Adventures in the Book Trade (Part 14)

In which The Author makes a rep blush

Last night I remembered another trade rep who became a good friend while I was working in Dillons/Waterstones. I’d tried to remember her name when I was compiling my original list, but it wouldn’t come to me. Last night I was watching an episode of NCIS which featured a character named Daphne, and the penny finally dropped.
Daphne was the rep for Churchill Livingstone and its related imprints – medical, nursing, and allied health science books. As you can probably imagine, some of the contents were pretty graphic and quite hair-raising, to say the least.

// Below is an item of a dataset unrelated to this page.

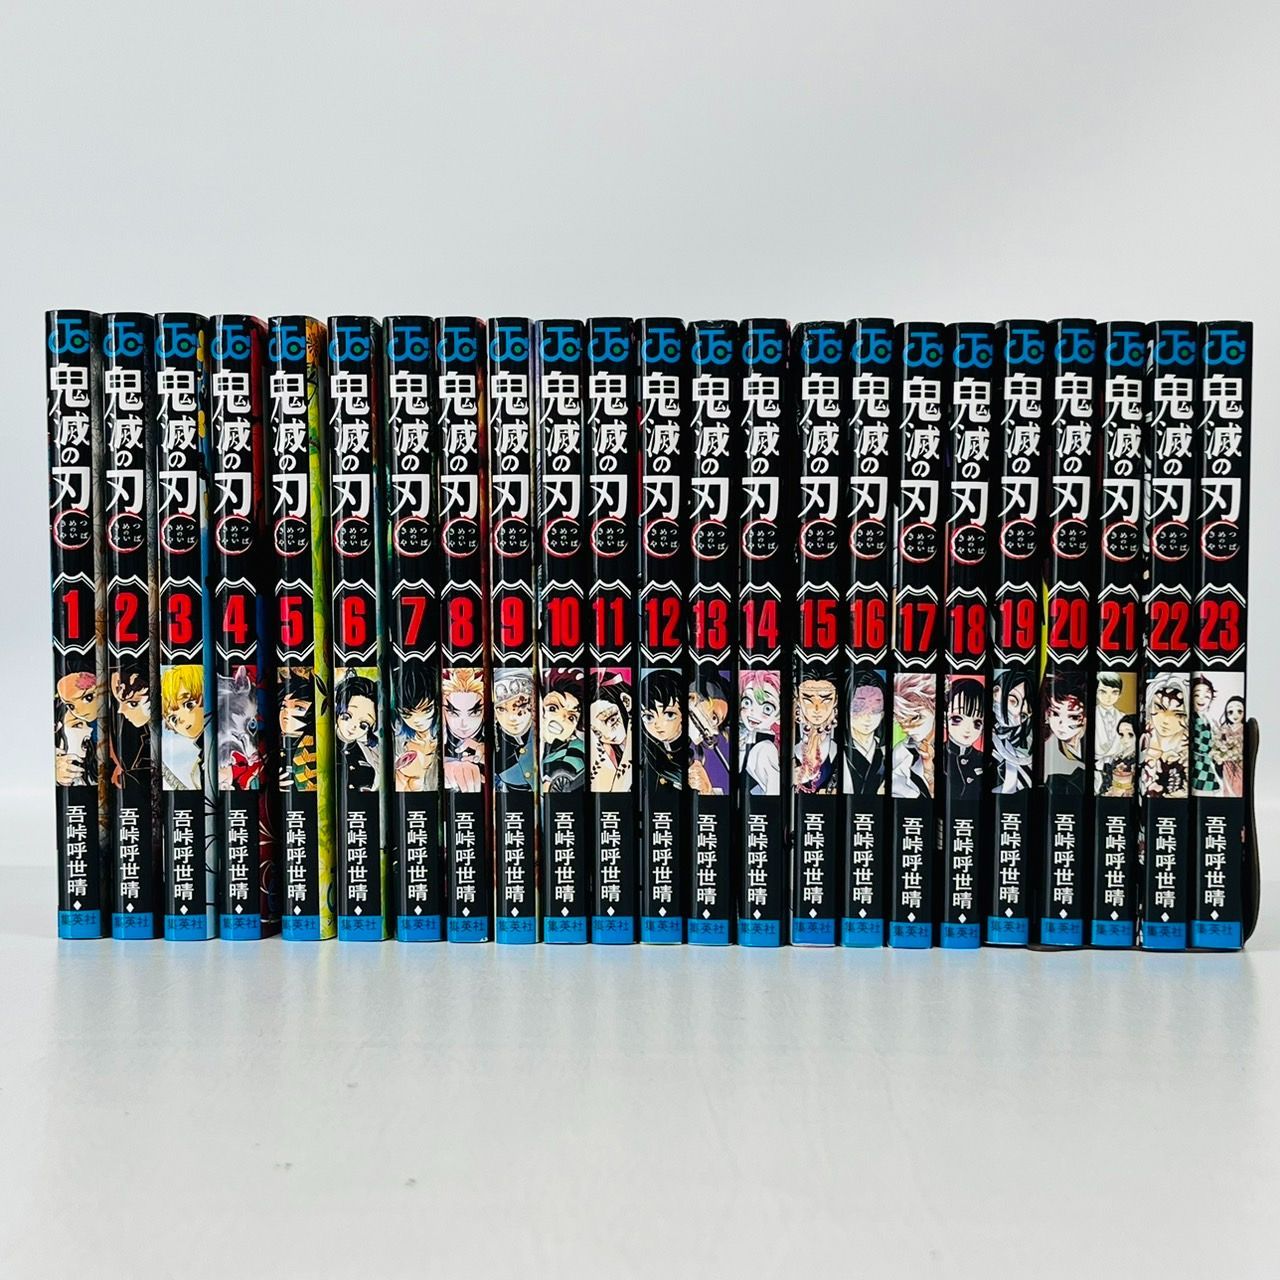 鬼滅の刃 コミックス 全23巻 セット 漫画全巻セット - スターホビー

Joely from Times Mirror once told me that the BBC in Bristol had a standing order for each new volume in their very expensive, glossy and frightening Colour Atlas series. I wondered why, and Joely explained that the special effects team on Casualty and Holby City used them as guides, to make their make-up and prosthetics as realistic as possible. They’re not the sort of coffee table books you want lying around when the vicar calls for tea.
Daphne had a rather bizarre sense of humour, which is probably essential when you’re dealing with this sort of material. After a while, you’ve probably seen and heard it all. One day, though, I made her completely stop in her tracks.
We were looking at the Advance Information sheet for a book called Reoperative Urology, and there was a synopsis of the contents. One chapter was entitled simply ‘Priapism’ – and I could tell straight away that Daphne didn’t know what it meant. So I told her.
‘You know sometimes a chap can’t get it up?’ She nodded. ‘Well, priapism is when a chap can’t get it down.’
‘Oh my god, is that real?’ she asked, and blushed to the roots of her hair once she’d managed to stop giggling.
The word almost turned up again a few years later, when I was a student. During a very wet and windy lunch break, I bumped into Tim R., one of our psychology lecturers, wrestling with an umbrella outside the library. I knew how exactly he felt, because my own umbrella had died earlier that morning.
‘It looks as if it’s had its day,’ I remarked.
‘It’s a nuisance,’ Tim replied. ‘It goes up okay, but then it won’t go back down.’
‘You know that’s a recognised medical condition, don’t you?’ I said with a wink.
Tim’s filthy laugh was still echoing off the library walls as I walked away.